Além desses apontamentos feitos por Bobbio quanto aos desafios para as democracias contemporâneas, outros autores fazem apontamentos importantes que devem aqui ser trazidos à baila: dissociação entre justiça política e justiça social (THOMPSON, 1998) (7); emprego de estratégias que visam beneficiar perspectivas individualistas ou de segmentos por meio de recursos do estado, em detrimento ao interesse público (FUNG e WRIGHT, 2003) (8); crescente desconfiança dos cidadãos nos sistemas politicos (WARREN, 1999; GASTIL, 2000) (9).
A democracia contemporânea é, nas palavras de Bobbio, a “sociedade dos cidadãos”, noção que diz respeito à ampliação e ao alargamento dos direitos civis, políticos e sociais. Esta “sociedade dos cidadãos” é conceituada por Bobbio, também, como “a democracia do poder visível” ou “o governo do poder público” (BOBBIO, 2000).
É sob este arcabouço teórico que o CIEDS vem conduzindo suas estratégias e ações, tendo a certeza de a defesa cotidiana da Democracia é uma responsabilidade de todo cidadão e especialmente de toda organização da sociedade civil.

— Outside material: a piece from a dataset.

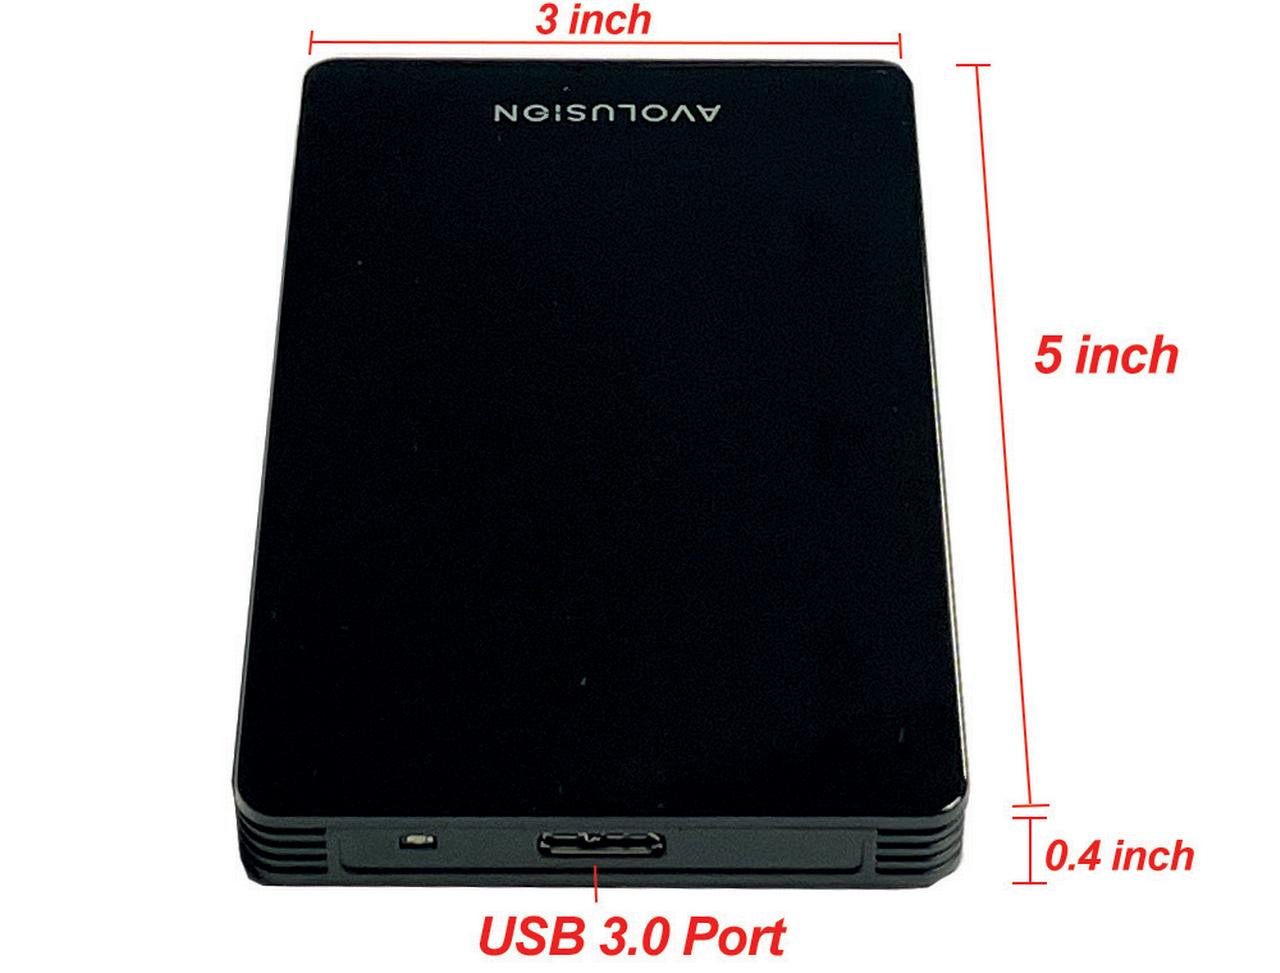 1TB Portable Gaming PS5 Hard Drive

Em iniciativa pioneira, estamos implementando no Ceará, em parceria com o SENAC e a UNIPACE - ALECE, a Escola de Liderança, Governança e Democracia, que tem como missão: “formar líderes conscientes de suas responsabilidades como cidadãos e como agentes de transformação global para um mundo mais sustentável e próspero. ” E como visão: “a democracia fortalecida e garantida a partir de estratégias de governança, processos formativos e engajamento cívico da sociedade civil”.
A Escola de Liderança, Governança e Democracia é uma estratégia que contribui para o fortalecimento das instituições, a formação de líderes e cidadãos e a promoção de uma governança mais eficiente, transparente e responsável. Atualmente composta por 4 grandes eixos formativos: Gestores Presentes; lideranças do futuro; Liderança e igualdade de gênero: mulheres 2030; e associativismo 2.0 e gestão.
Essa ação e todas as outras ações do CIEDS, assim como nossa adesão ao Pacto pela Democracia e Pacto Global, corroboram uma trajetória rumo à nossa visão: Um mundo mais equitativo, mais democrático, mais sustentável e com maior e melhores oportunidades sociais e econômicas para todos.
(1) PIKETTY, Thomas. Capital in the twenty-first century. Londres: The Belknap press of Harvard University press, 2014.
(2) SANTOS, B. S.; AVRITZER, L. Para ampliar o cânone democrático. In: ______(org.). Democratizar a democracia: os caminhos da democracia participativa. Rio de Janeiro: Civilização Brasileira, 678p, 2009.
(3) TILLY, Charles. Democracia. Tradução de Raquel Weiss. Rio de Janeiro : Petrópolis. Ed. Vozes. 2013
(4) DUPAS, Gilberto. A lógica econômica global e a revisão do Welfare State: a urgência de um novo pacto. In: Estud. av. vol.12 no.33 São Paulo May/Aug. 1998
(5) UNDP 2002. Human Development Report 2002. Deepening democracy in a fragmented world. United Nations, Development Programme (UNDP), Nova York.
(6) BOBBIO, Norberto. O futuro da democracia. 8. ed. rev. ampl. Tradução de Marco Aurélio Nogueira. São Paulo: Paz e Terra, 2000.
(7) THOMPSON, John B. A Mídia e a Modernidade. Petrópolis, RJ: Vozes. 1998.
(8) FUNG, ARCHON e WRIGHT, Erik O. (eds.). Deepening democracy: institutional innovations in empowered participatory governance. (Real Utopias Project). London: Verso, 2003.
(9) GASTIL, J. By Popular Demand: Revitalizing Representative Democracy Through Deliberative Elections. Berkeley, CA: University of California Press, 2000.